Proof
Show Me the Artifact: The Difference Between AI Hype and AI Work.
AI conversations can feel productive without producing anything durable. That is one reason leaders struggle to evaluate the real value of AI inside a business.
AI conversations can feel productive without producing anything durable. That is one reason leaders struggle to evaluate the real value of AI inside a business.
A prompt can sound impressive. A demo can look magical. A chatbot can produce paragraphs quickly. But the practical question is still: What artifact did the business gain?
An artifact is a usable piece of work. It might be a proposal draft, a research brief, a meeting summary, a cleaned data file, a client email sequence, a training outline, a dashboard, a checklist, or a decision memo. It is something a human can review, approve, store, reuse, or act on.
This standard changes the conversation.
Instead of asking, “Can AI help with sales?” ask, “Can this workflow produce a better first-draft follow-up email within ten minutes of a discovery call?”
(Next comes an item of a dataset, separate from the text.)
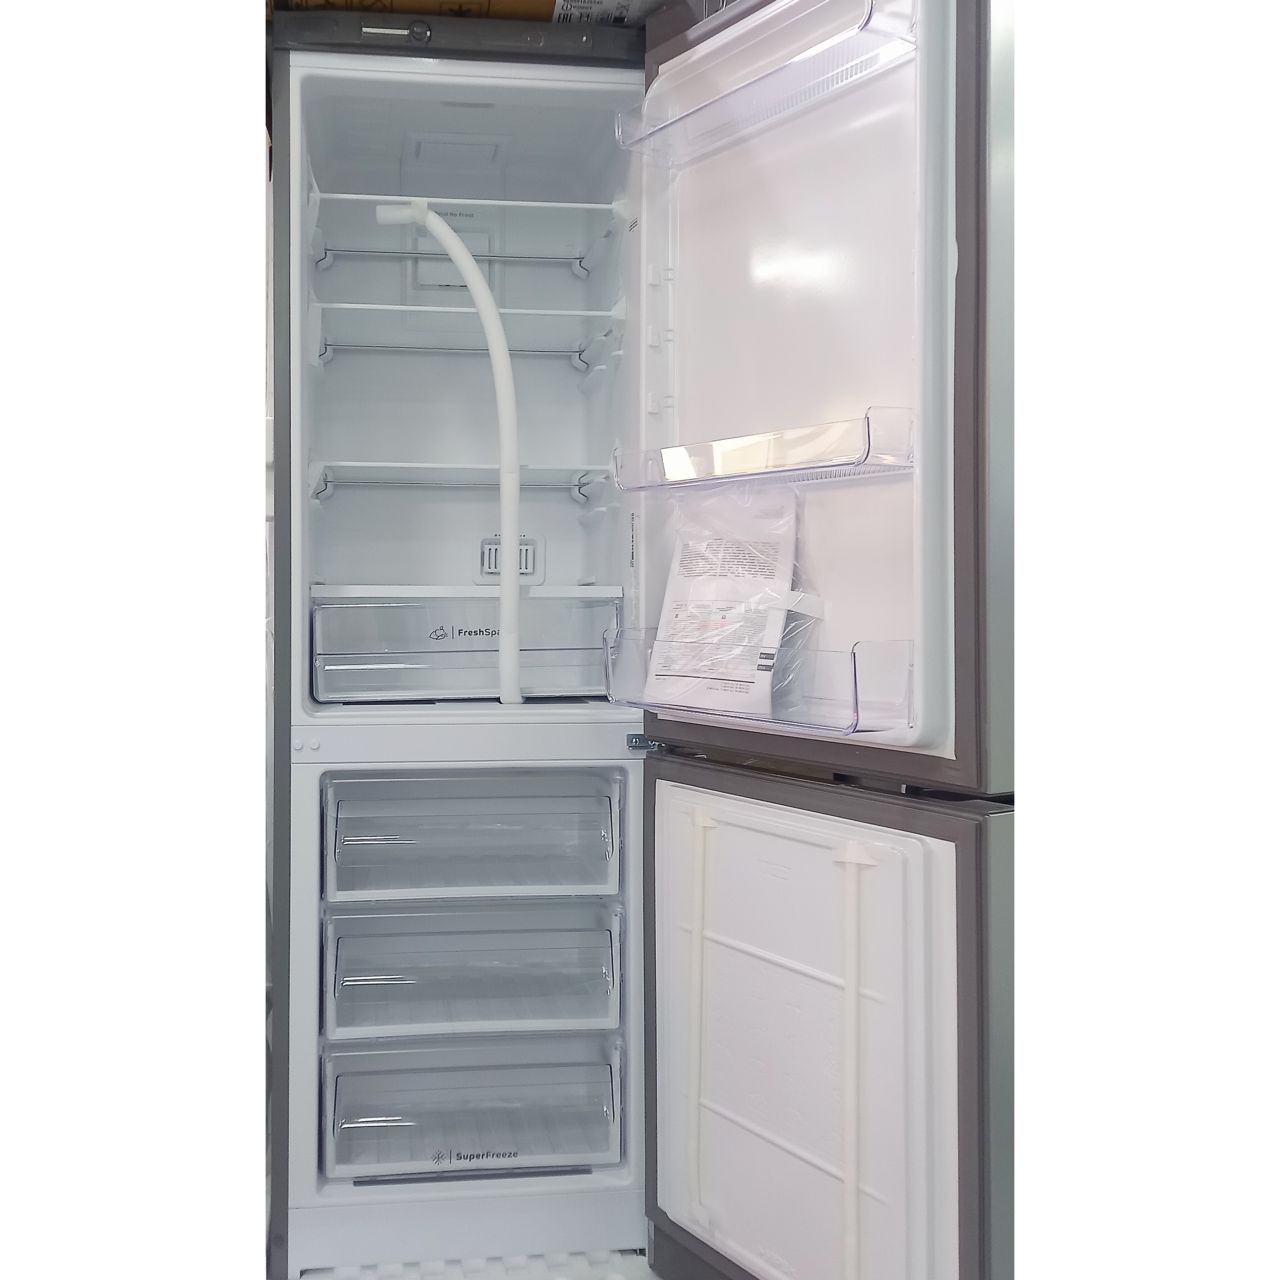 Холодильник двухкамерный Indesit 298 литров

Instead of asking, “Can AI help with content?” ask, “Can this process turn one approved idea into a post, article outline, email blurb, and short video script, with all drafts stored in the right place?”
Instead of asking, “Can AI help with operations?” ask, “Can it summarize weekly blockers, identify overdue follow-ups, and prepare a manager-ready status note?”
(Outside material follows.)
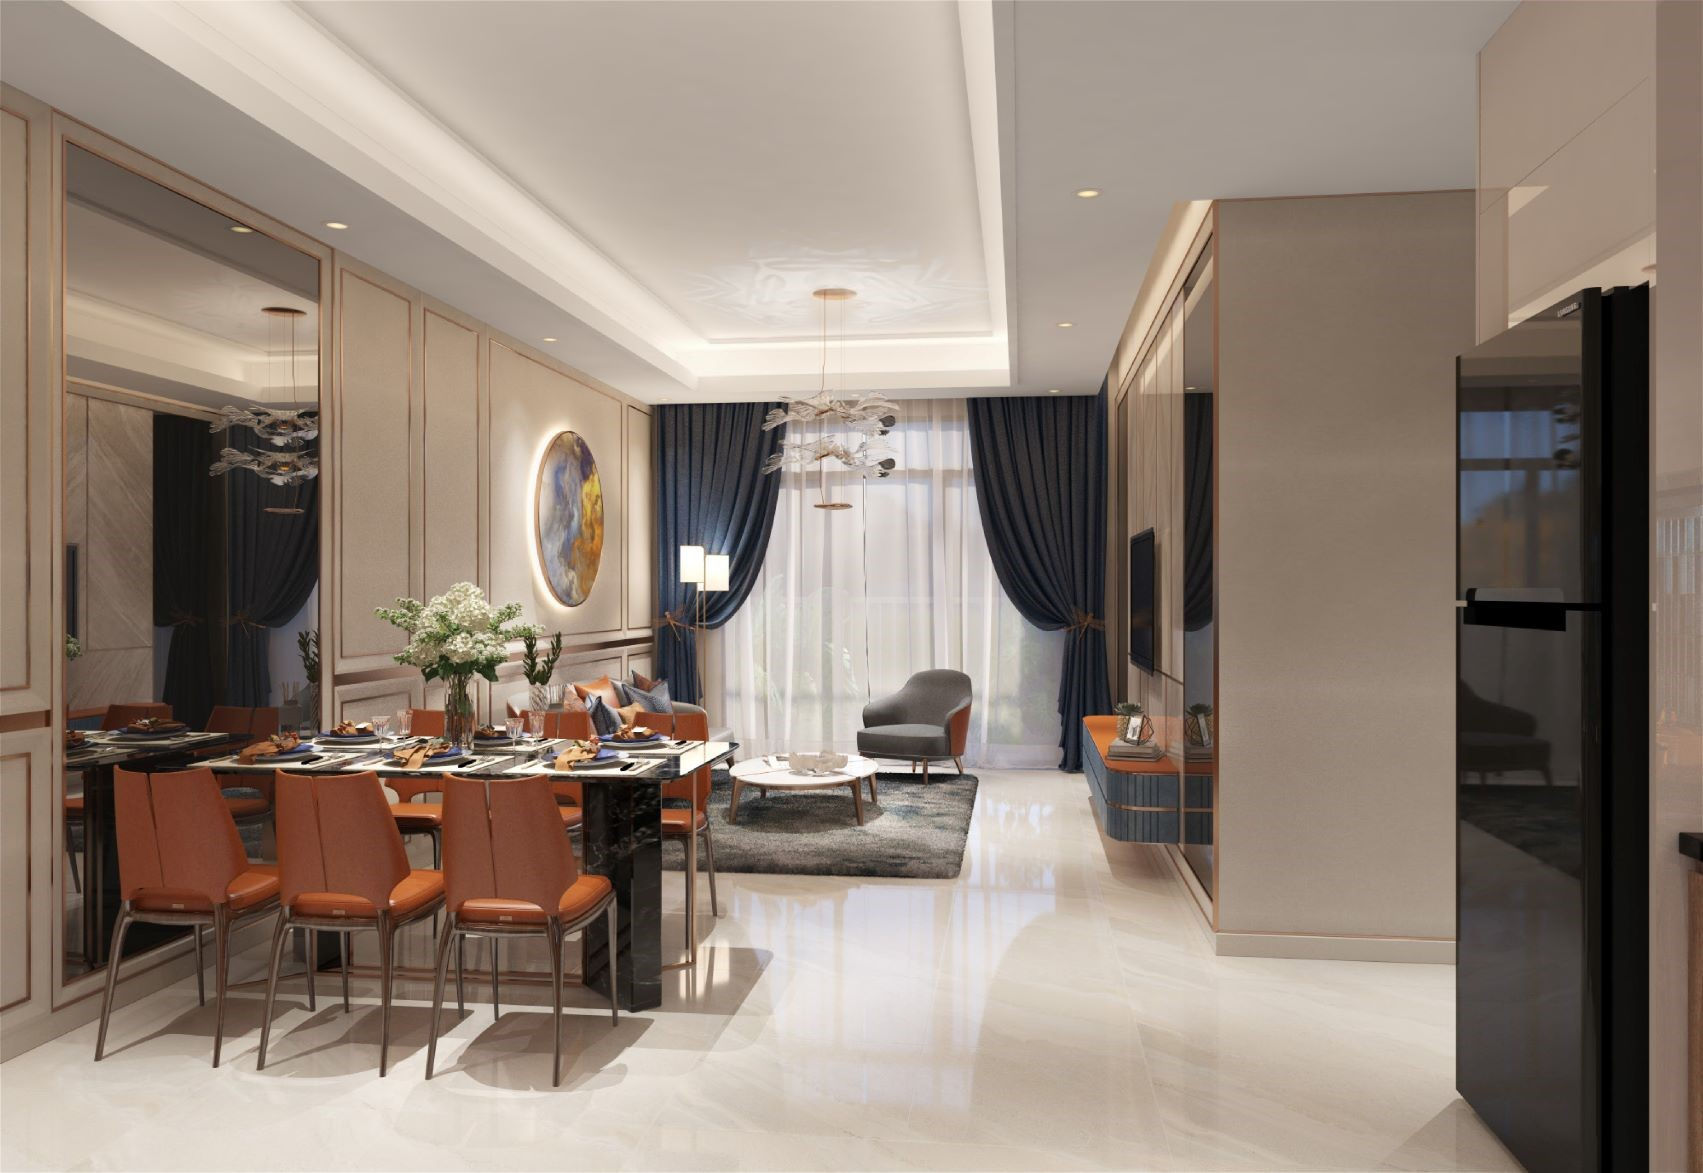 Thiết kế phòng khách sử dụng tông màu vàng hồng, cam đất và xanh đậm ấm áp và sang trọng.

Artifacts make AI work visible. They also make quality control possible. A leader can review the output, compare it to the input, decide what changed, and improve the process.
This is also how businesses avoid the trap of AI theater. Activity is not the same as capability. A team can spend hours prompting and still have no repeatable workflow.
A simple rule helps:
If the AI-assisted process does not produce a reviewable artifact, it is probably still an experiment.
That does not make it worthless. Experiments are useful. But business adoption begins when experiments become reliable paths from input to usable output.
Show the artifact. Then improve the workflow that produced it.